我对 Python 和 Numpy 还很陌生，但您似乎可以使用 ufuncs 的 .at 方法而不是 reduceat：

import numpy as np
data_id = np.array([0,0,0,1,1,1,1,2,2,2,3,3,3,4,5,5,5])
data_val = np.random.rand(len(data_id))
ans = np.empty(data_id[-1]+1) # might want to use max(data_id) and zeros instead
np.maximum.at(ans,data_id,data_val)

例如：

data_val = array([ 0.65753453,  0.84279716,  0.88189818,  0.18987882,  0.49800668,
    0.29656994,  0.39542769,  0.43155428,  0.77982853,  0.44955868,
    0.22080219,  0.4807312 ,  0.9288989 ,  0.10956681,  0.73215416,
    0.33184318,  0.10936647])
ans = array([ 0.98969952,  0.84044947,  0.63460516,  0.92042078,  0.75738113,
    0.37976055])

当然，这只有在您的 data_id 值适合用作索引时才有意义（即非负整数而不是巨大的...大概如果它们很大/稀疏，您可以使用 np.unique(data_id) 初始化 ans什么的）。

我应该指出，data_id 实际上不需要排序。

【讨论】：

【解决方案4】：

我已经在numpy_indexed 包中打包了我之前答案的一个版本；很高兴将所有这些都包含在一个整洁的界面中并进行测试；此外，它还具有更多功能：

import numpy_indexed as npi
group_id, group_max_data = npi.group_by(id).max(data)

等等

【讨论】：

【解决方案5】：

只有 numpy 而没有循环：

id = np.asarray([1,1,1,2,2,2,3,3])
data = np.asarray([2,7,3,8,9,10,1,-10])

# max
_ndx = np.argsort(id)
_id, _pos  = np.unique(id[_ndx], return_index=True)
g_max = np.maximum.reduceat(data[_ndx], _pos)

# min
_ndx = np.argsort(id)
_id, _pos  = np.unique(id[_ndx], return_index=True)
g_min = np.minimum.reduceat(data[_ndx], _pos)
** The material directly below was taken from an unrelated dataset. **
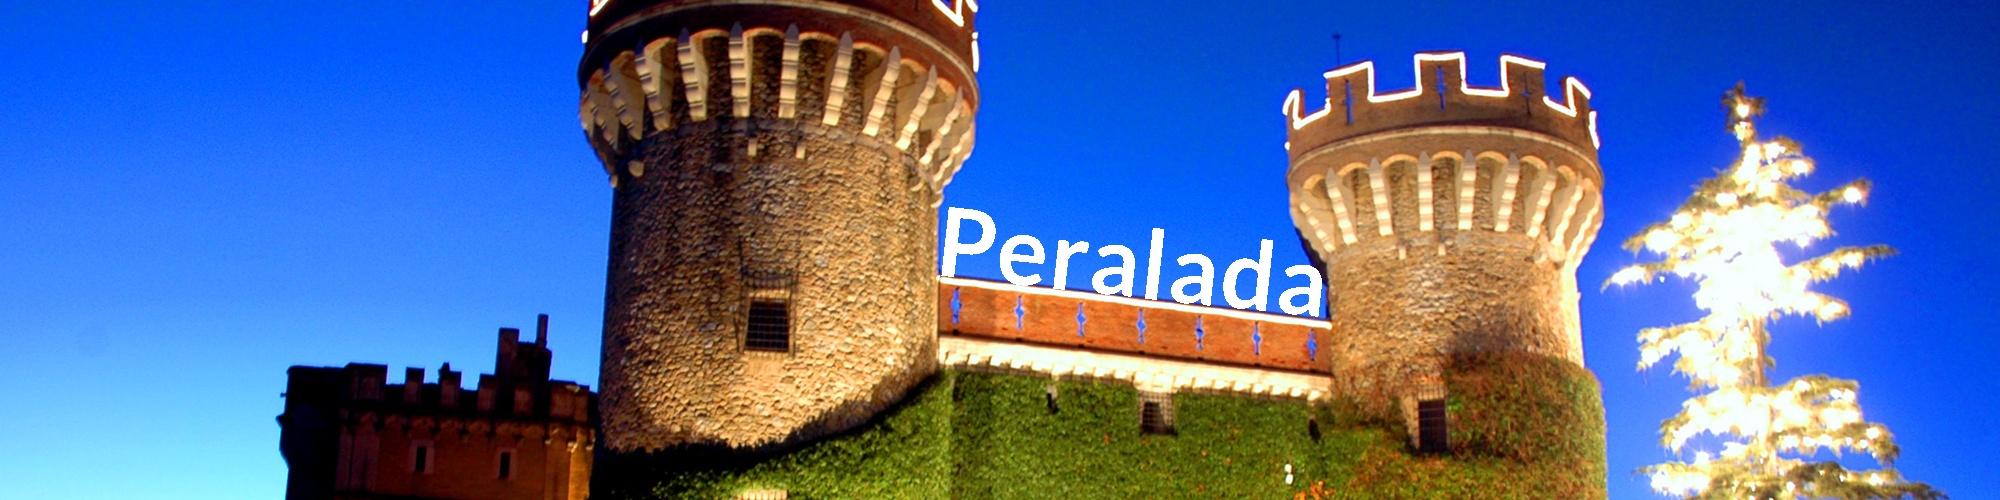 Houses for sale in Peralada, Girona, Costa Brava

# compare results with pandas groupby
np_group = pd.DataFrame({'min':g_min, 'max':g_max}, index=_id)
pd_group = pd.DataFrame({'id':id, 'data':data}).groupby('id').agg(['min','max'])

(pd_group.values == np_group.values).all()  # TRUE

【讨论】：

【解决方案6】：

我认为这可以满足您的要求：

[max([val for idx,val in enumerate(data) if id[idx] == k]) for k in sorted(set(id))]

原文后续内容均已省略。